Aha, interesting, apparently this is a difference between OSes (on windows I get 22 bytes). This means you shouldn’t use this as an interchange format. But I guess ctypes should correct it’s behavior here to match up with the ABI? We should find some actual documentation of the ABI for bit fields then. And apparently I am misremembering the C standard forbidding this? Gotta check that.

Yeah, I should probably use something more portable like protobuf.

About the C standard, it seems like bit packing in structs is implementation specific. I don’t know if this is the correct doc, but I’m referring to https://www.open-std.org/jtc1/sc22/wg14/www/docs/n1570.pdf. In section 6.7.2.1, paragraph 5 states that the types allowed for bit-fields are implementation-defined:

A bit-field shall have a type that is a qualified or unqualified version of _Bool, signed int, unsigned int, or some other implementation-defined type. It is implementation-defined whether atomic types are permitted.

And then what I understood from paragraph 11 of the same section is that allowing insertion of part of a field in the remaining bits of a unit is implementation-defined:

An implementation may allocate any addressable storage unit large enough to hold a bit-field. If enough space remains, a bit-field that immediately follows another bit-field in a structure shall be packed into adjacent bits of the same unit.
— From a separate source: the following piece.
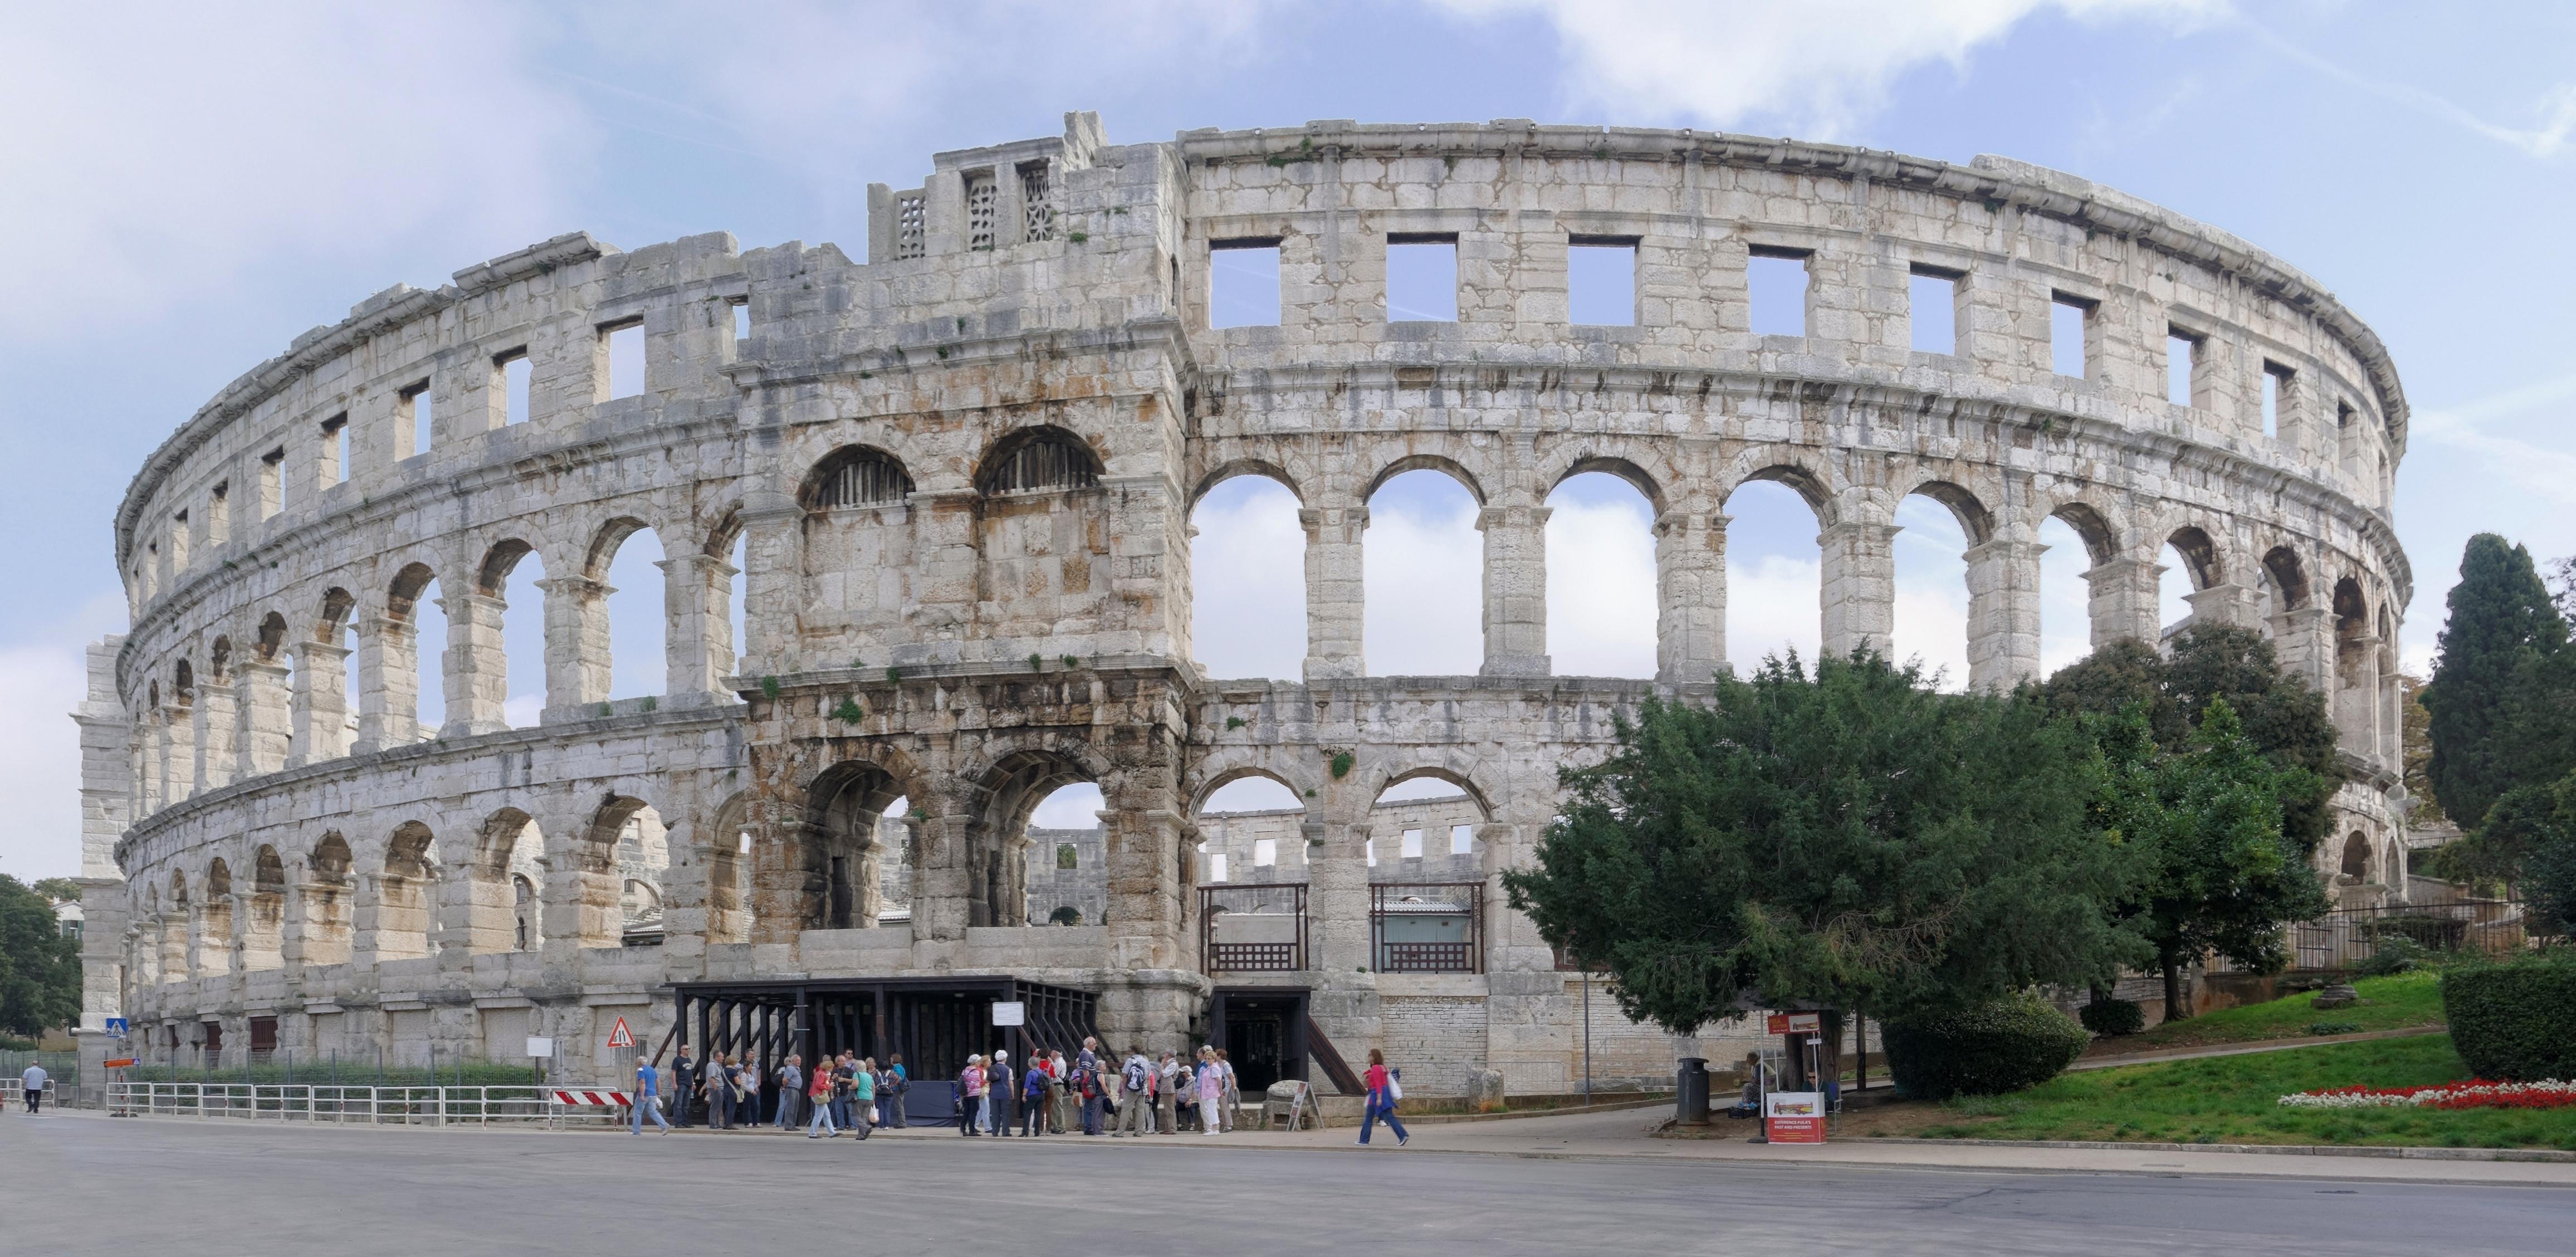 Le 10 migliori attrazioni turistiche in Croazia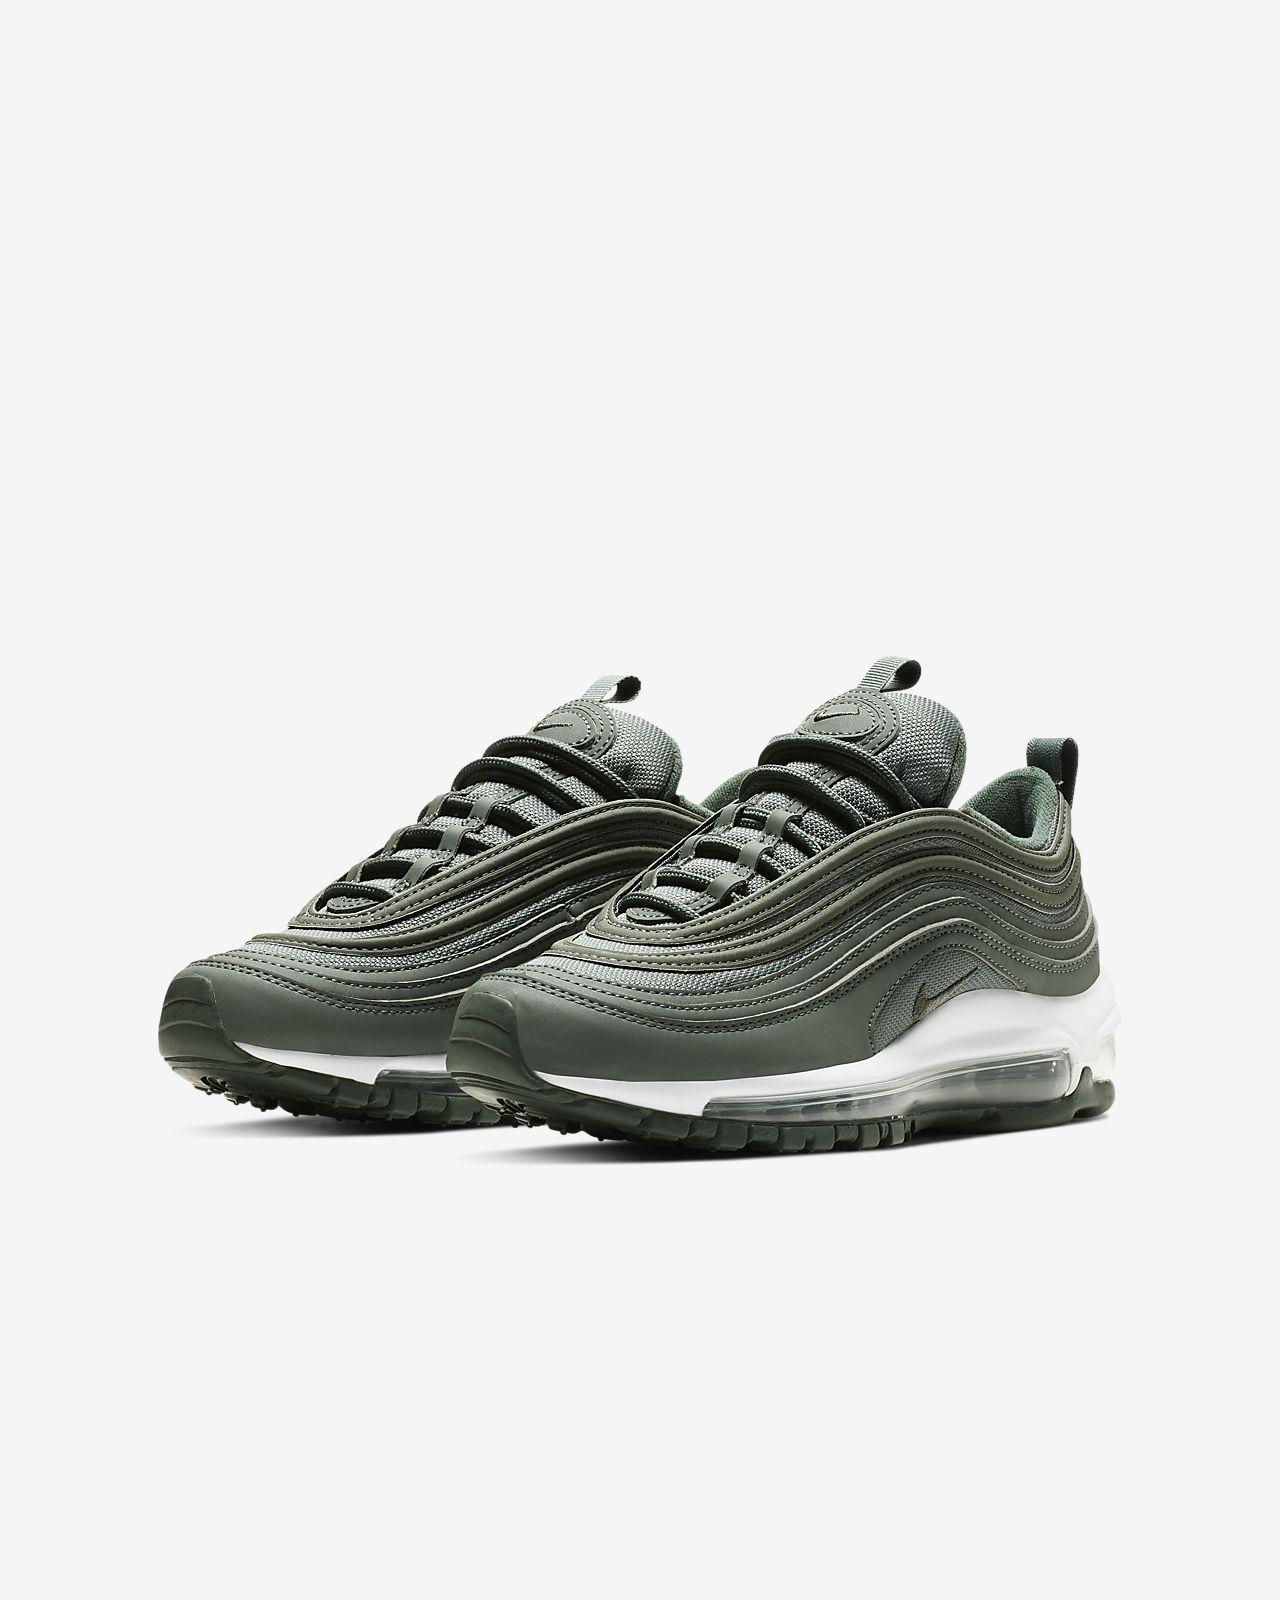 super popular b7b54 593c8 ... Chaussure Nike Air Max 97 PE pour Enfant plus âgé

If insufficient space remains, whether a bit-field that does not fit is put into the next unit or overlaps adjacent units is implementation-defined. The order of allocation of bit-fields within a unit (high-order to low-order or low-order to high-order) is implementation-defined. The alignment of the addressable storage unit is unspecified.